What to produce:
Omit every picture, then return each line of the data below exactly.
(Information supplied)
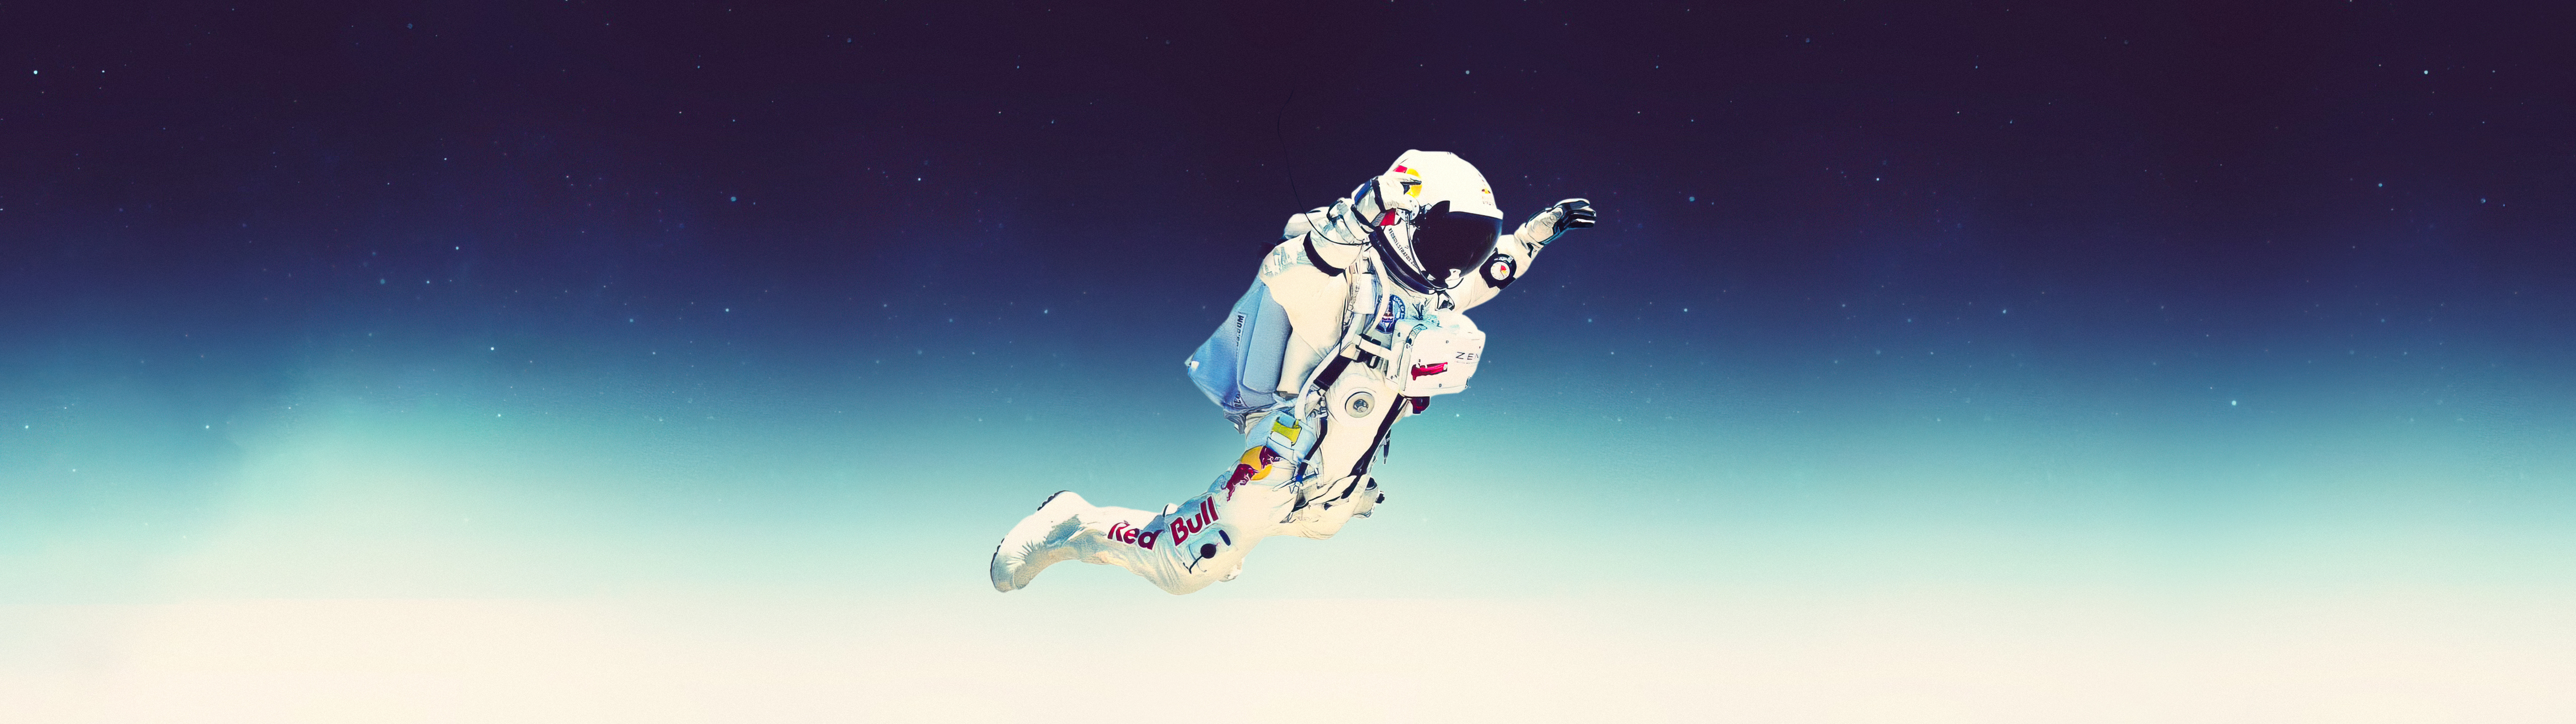 Ultrawide Skydiving Felix Baumgartner Red Bull Astronaut 5120x1440
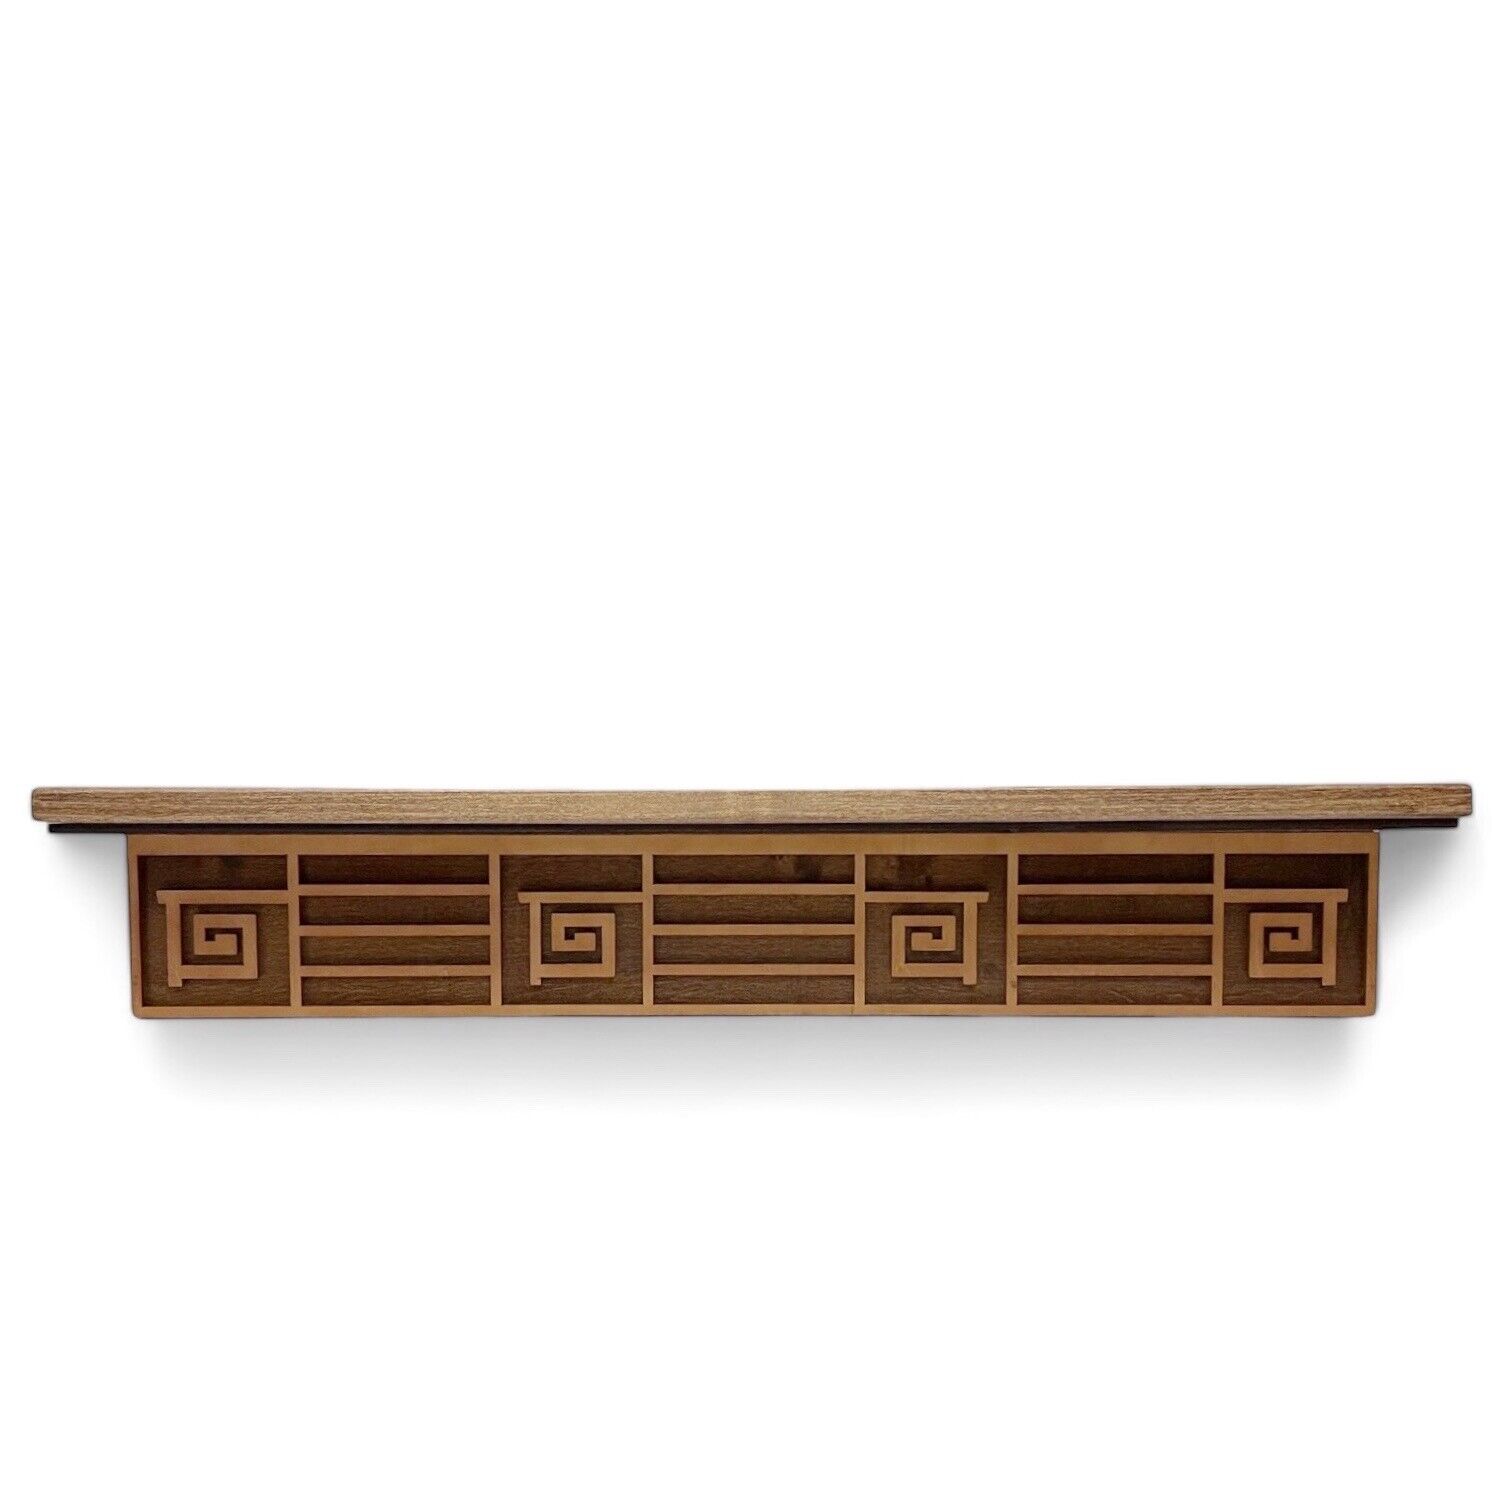 Frank Lloyd Wright VC Morris Greek Key Motif Wood Wall Shelf 31
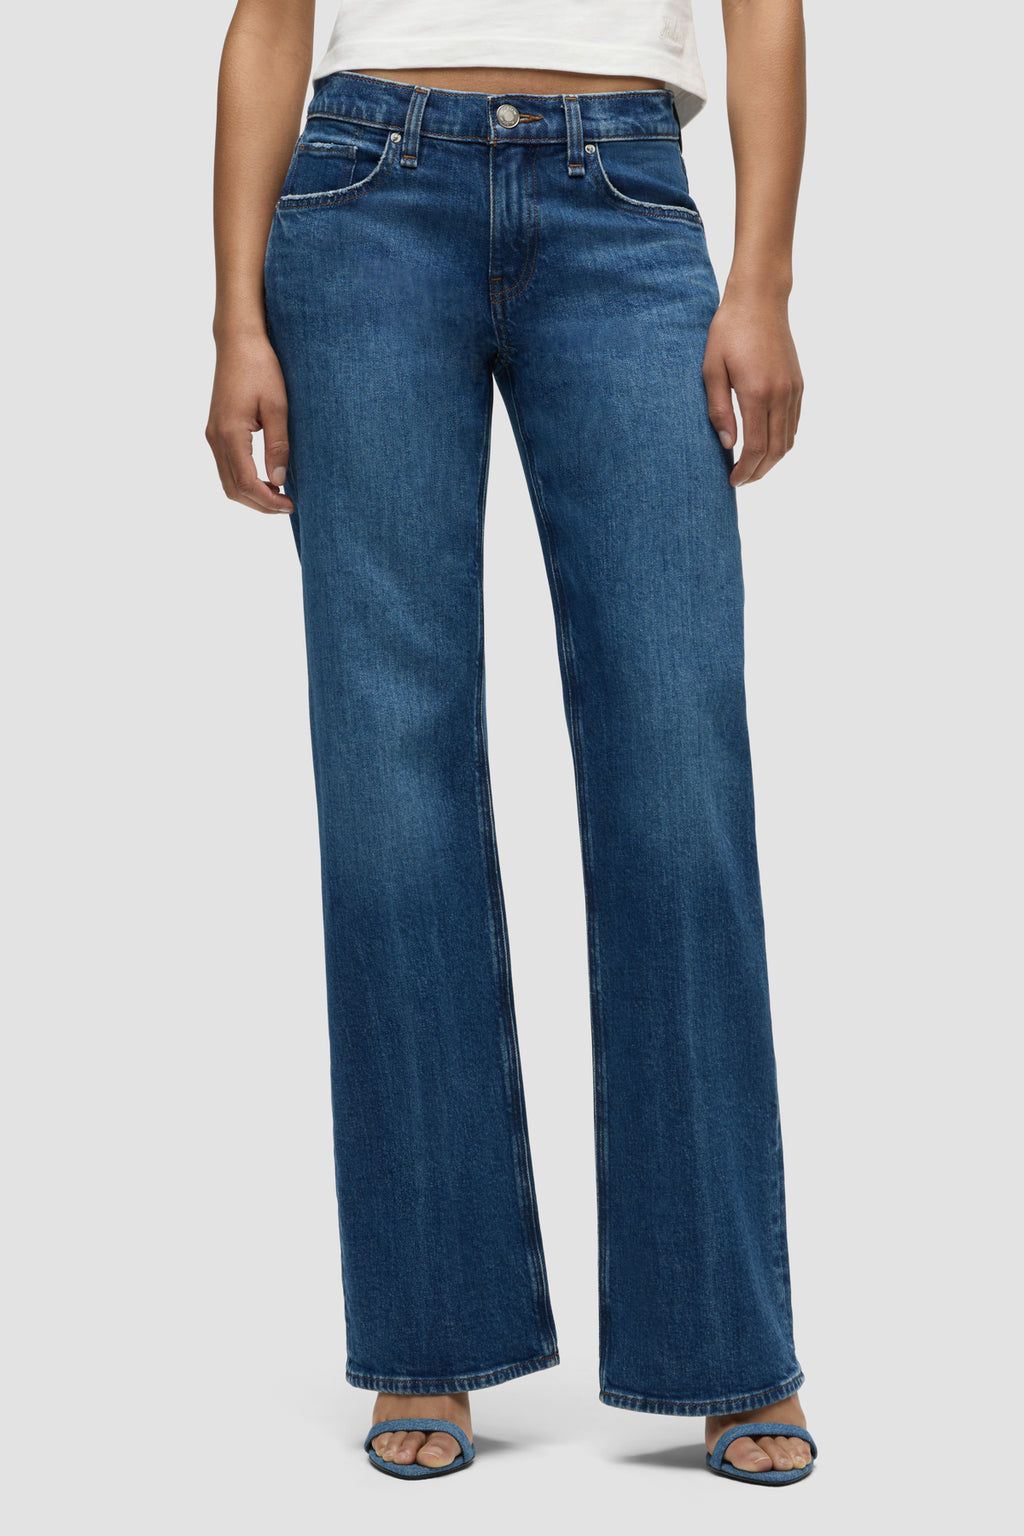 Hudson Jeans Solid Blue Jeans 29 Waist - 85% off
(End Information supplied)
Result:
 Ultrawide Skydiving Felix Baumgartner Red Bull Astronaut 5120x1440
 Frank Lloyd Wright VC Morris Greek Key Motif Wood Wall Shelf 31
 Hudson Jeans Solid Blue Jeans 29 Waist - 85% off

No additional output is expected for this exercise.